• _What needs to be done_: Copy the lines below verbatim, but only from the line containing "View Vol. 12" through the end of the data.

↓↓↓

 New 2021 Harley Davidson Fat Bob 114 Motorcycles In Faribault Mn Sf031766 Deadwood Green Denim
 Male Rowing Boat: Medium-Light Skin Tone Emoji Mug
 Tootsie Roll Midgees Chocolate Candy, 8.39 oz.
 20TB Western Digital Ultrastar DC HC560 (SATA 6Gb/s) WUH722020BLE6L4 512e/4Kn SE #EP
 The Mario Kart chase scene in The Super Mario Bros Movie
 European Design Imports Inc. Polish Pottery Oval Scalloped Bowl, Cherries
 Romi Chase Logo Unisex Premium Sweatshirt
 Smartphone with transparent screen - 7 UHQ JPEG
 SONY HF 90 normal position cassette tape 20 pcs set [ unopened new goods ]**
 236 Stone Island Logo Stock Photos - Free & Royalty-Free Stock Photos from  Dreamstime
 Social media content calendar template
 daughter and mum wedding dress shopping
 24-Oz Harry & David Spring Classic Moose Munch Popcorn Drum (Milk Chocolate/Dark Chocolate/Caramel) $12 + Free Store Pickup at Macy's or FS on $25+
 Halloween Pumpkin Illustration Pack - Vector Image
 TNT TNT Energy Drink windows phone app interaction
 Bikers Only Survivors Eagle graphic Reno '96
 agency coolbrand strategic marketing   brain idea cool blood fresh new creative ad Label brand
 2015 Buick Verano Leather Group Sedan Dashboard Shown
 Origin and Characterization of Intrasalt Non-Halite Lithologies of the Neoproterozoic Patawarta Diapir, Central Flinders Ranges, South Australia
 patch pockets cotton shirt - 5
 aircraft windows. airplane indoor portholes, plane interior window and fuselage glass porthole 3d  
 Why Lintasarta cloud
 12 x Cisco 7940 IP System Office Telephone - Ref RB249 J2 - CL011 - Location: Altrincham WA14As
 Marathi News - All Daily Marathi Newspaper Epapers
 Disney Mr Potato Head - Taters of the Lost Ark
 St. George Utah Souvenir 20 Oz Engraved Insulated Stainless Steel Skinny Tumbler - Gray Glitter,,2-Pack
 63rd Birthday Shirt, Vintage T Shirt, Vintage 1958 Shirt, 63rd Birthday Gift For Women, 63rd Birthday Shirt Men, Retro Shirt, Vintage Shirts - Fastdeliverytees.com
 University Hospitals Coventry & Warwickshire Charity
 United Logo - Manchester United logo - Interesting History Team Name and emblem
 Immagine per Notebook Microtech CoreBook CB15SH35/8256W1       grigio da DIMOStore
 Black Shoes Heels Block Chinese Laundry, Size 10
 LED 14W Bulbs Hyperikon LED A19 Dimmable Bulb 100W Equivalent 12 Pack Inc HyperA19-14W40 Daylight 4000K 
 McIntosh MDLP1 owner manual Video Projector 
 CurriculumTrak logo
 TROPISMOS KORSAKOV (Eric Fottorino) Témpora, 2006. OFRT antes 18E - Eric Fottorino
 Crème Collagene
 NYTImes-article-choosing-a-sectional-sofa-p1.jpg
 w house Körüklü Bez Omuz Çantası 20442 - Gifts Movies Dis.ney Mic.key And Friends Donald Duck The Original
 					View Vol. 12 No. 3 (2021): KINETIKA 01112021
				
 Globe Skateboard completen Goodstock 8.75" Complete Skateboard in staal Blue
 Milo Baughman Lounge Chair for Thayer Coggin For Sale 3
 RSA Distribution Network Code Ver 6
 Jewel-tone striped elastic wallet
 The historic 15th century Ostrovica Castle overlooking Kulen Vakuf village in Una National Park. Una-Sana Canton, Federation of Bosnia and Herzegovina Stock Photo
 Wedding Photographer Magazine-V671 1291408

↑↑↑

• _Your solution_:
 					View Vol. 12 No. 3 (2021): KINETIKA 01112021
				
 Globe Skateboard completen Goodstock 8.75" Complete Skateboard in staal Blue
 Milo Baughman Lounge Chair for Thayer Coggin For Sale 3
 RSA Distribution Network Code Ver 6
 Jewel-tone striped elastic wallet
 The historic 15th century Ostrovica Castle overlooking Kulen Vakuf village in Una National Park. Una-Sana Canton, Federation of Bosnia and Herzegovina Stock Photo
 Wedding Photographer Magazine-V671 1291408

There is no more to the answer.